A stretch of the entries below is to be set down exactly, running from the line with "ビオトープの水草は 鉢植えにします 植える容器を製作してみる メダカの大工" through the line with "La Abadía de", both included, and no other line.

# Record set:
....
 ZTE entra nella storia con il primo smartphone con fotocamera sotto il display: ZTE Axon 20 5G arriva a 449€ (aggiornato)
....
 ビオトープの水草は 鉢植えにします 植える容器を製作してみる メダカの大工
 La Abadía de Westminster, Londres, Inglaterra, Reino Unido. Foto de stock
....
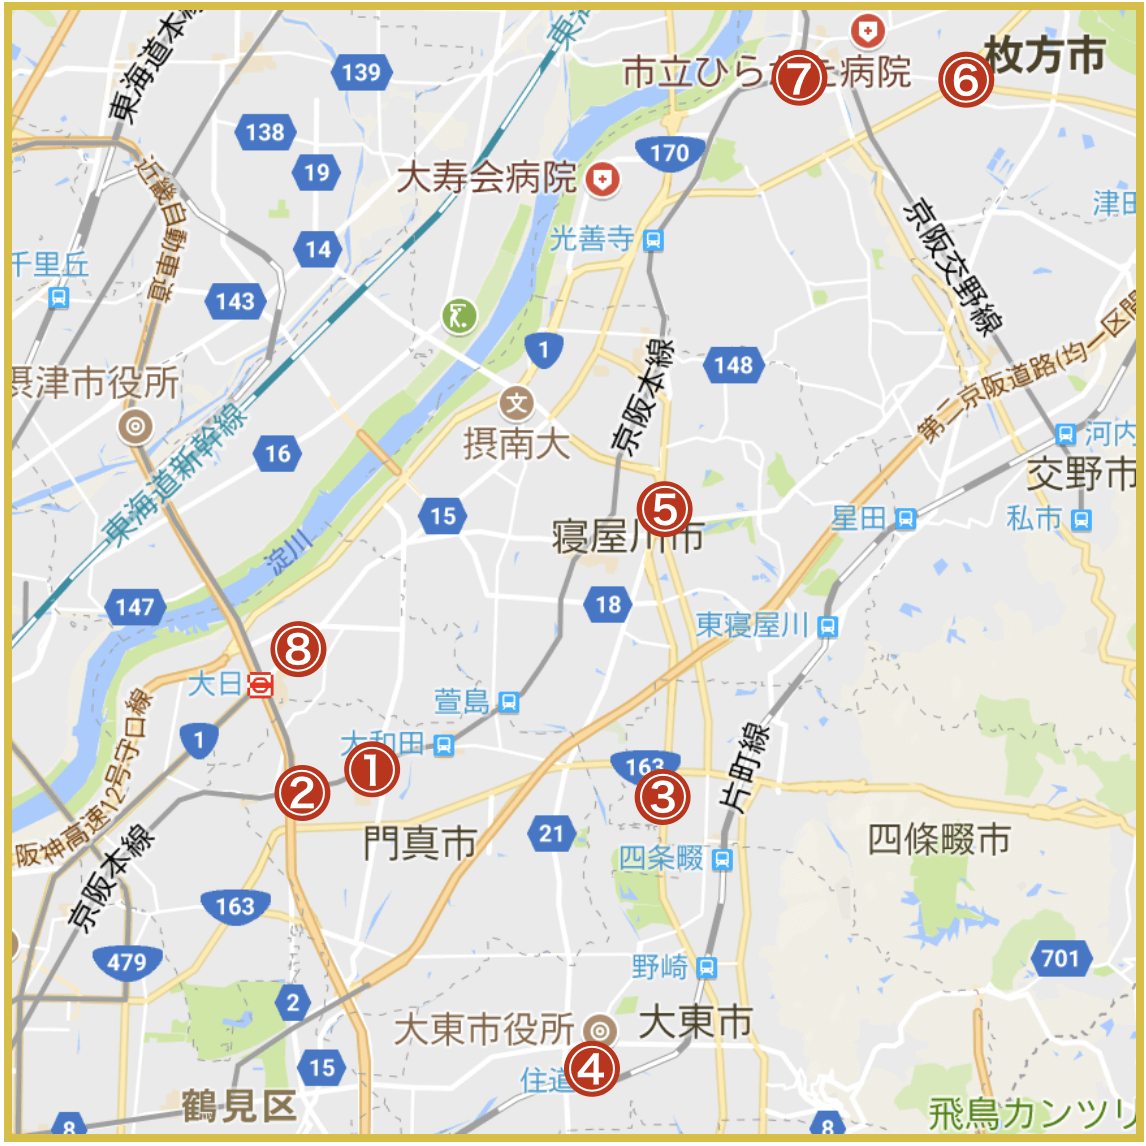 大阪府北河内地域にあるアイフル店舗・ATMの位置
....
# Answer to this problem:
 ビオトープの水草は 鉢植えにします 植える容器を製作してみる メダカの大工
 La Abadía de Westminster, Londres, Inglaterra, Reino Unido. Foto de stock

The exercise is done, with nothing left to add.